The internationally renowned Bee Centre in Lancashire is strengthening its community bee breeding programme with the support of Jackon UK.
Jackon manufactures insulation and building systems – made from expanded (EPS) and extruded (XPS) polystyrene for the house building and tiling sectors – and says it’s committed to sustainability in both the manufacturing and use of its products, which can dramatically reduce energy requirements in buildings.
This is why the company has chosen to support the Bee Centre, based in Chorley. Bees are vital for the preservation of ecological balance and biodiversity in nature. They provide one of the most recognisable ecosystem services – pollination, which makes food production possible. By doing so, they protect and maintain ecosystems as well as animal and plant species, and contribute to genetic and biotic diversity.
The Bee Centre works with organisations and schools to develop a robust, near-native honeybee population nationally. JACKOBOARD, Jackon UK’s brand of insulated tile backerboards for wetroom and shower projects, worked with the Bee Centre at the launch of the programme two years ago and donated 100 insulated polystyrene beehives.
The Bee Centre has installed a dozen of these beehives at the Breeding Centre in Heysham for school environmental projects since the launch of the initiative. There has been a growing number of schools joining the programme across Lancashire and even as far afield as Wrexham, over the last year. The centre provides polystyrene beehives and starter kits, talks and training in schools as well as hosting events, to engage and educate children about bee keeping and environmental benefits.

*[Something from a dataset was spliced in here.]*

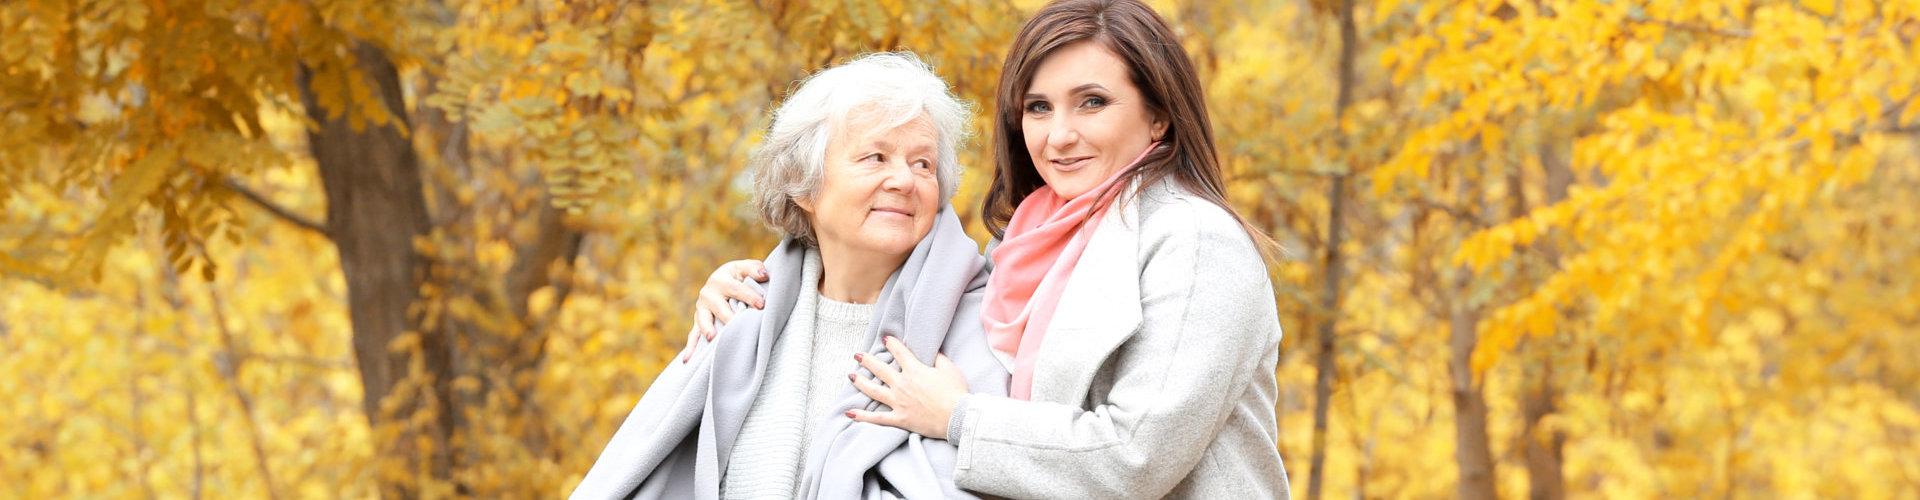 patient and caretaker smiling

Colin Higham, managing director of Jackon UK Ltd says, ‘Our polystyrene and polypropylene-based building products save energy, resource and emissions when in use. They last a lifetime and are recyclable. They have very impressive performance when used in house building and tiling projects and cause minimal environmental impact, if manufacturing processes are carried out properly. We are more than happy to support the Bee Centre in their environmental projects and would like to demonstrate that plastics, when used for the long term, can reduce energy requirements, and benefit the environment.’